Problem to solve = All of the data that follows is to be written out exactly, with images excluded.

Collected data =
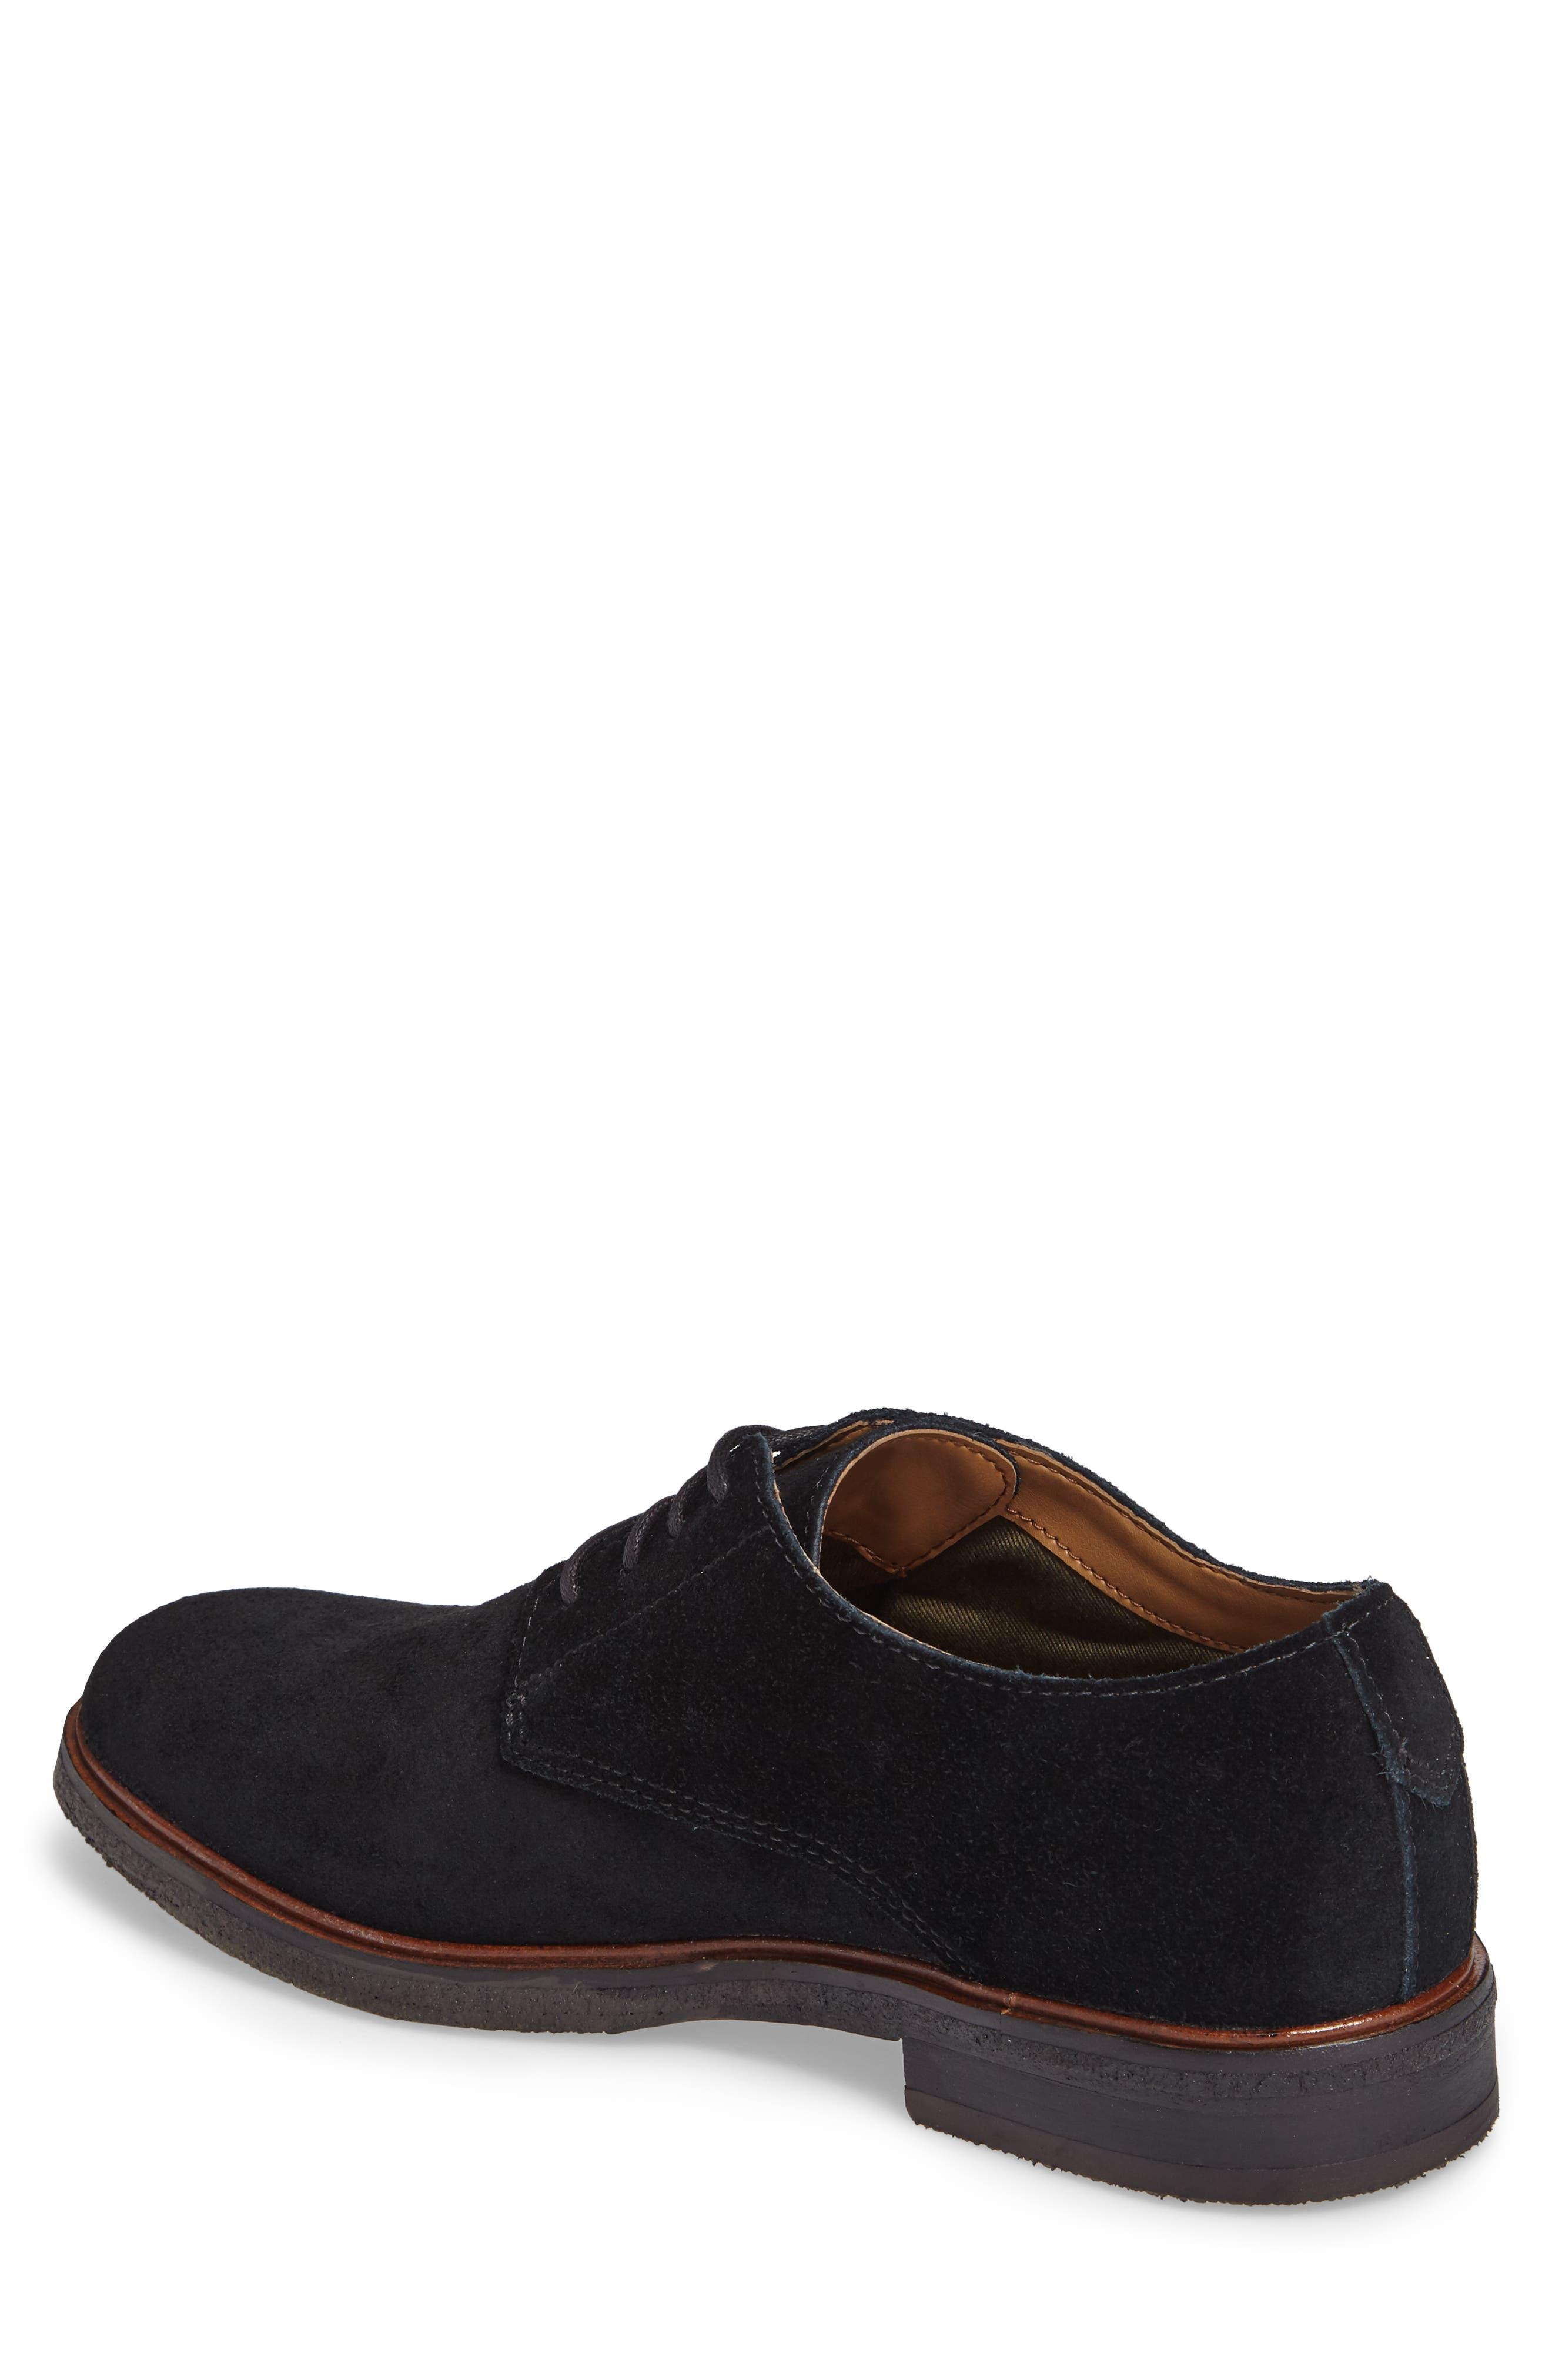 Clarks Clarkdale Moon Buck Shoe,                             Alternate thumbnail 2, color,                             Black Suede
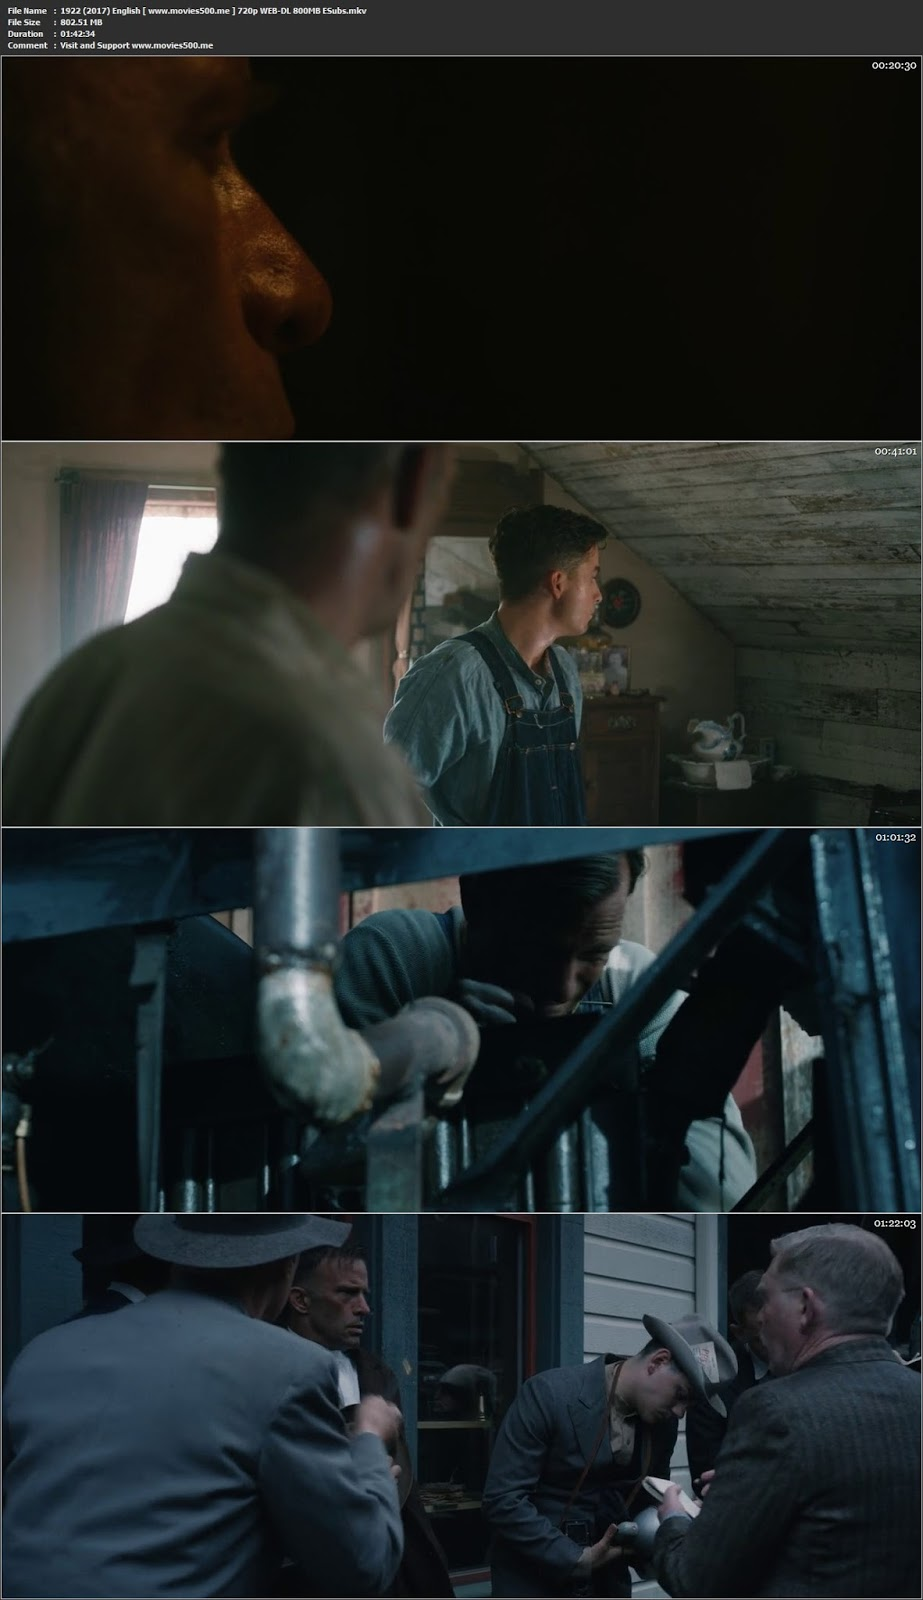 1922 (2017) English Full Movie WEB DL 720p ESubs at gencoalumni.info
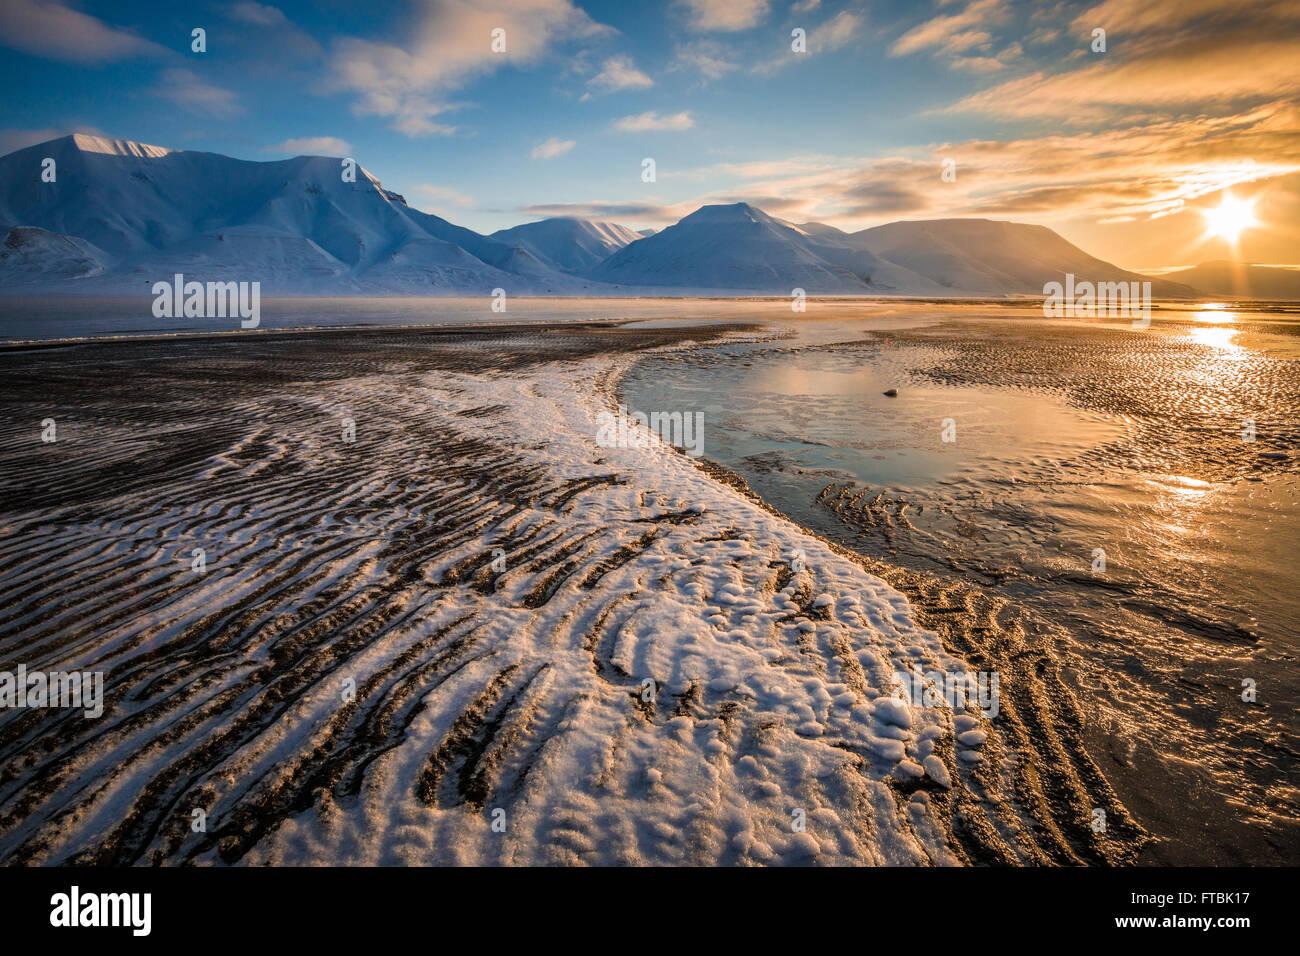 Formaciones de hielo sobre Sjøskrenten Sunrise Beach con vistas a Hiorthfjellet, Longyearbyen Spitsbergen, en Svalbard. Foto de stock

Output of the exercise =
 Clarks Clarkdale Moon Buck Shoe,                             Alternate thumbnail 2, color,                             Black Suede
 1922 (2017) English Full Movie WEB DL 720p ESubs at gencoalumni.info
 Formaciones de hielo sobre Sjøskrenten Sunrise Beach con vistas a Hiorthfjellet, Longyearbyen Spitsbergen, en Svalbard. Foto de stock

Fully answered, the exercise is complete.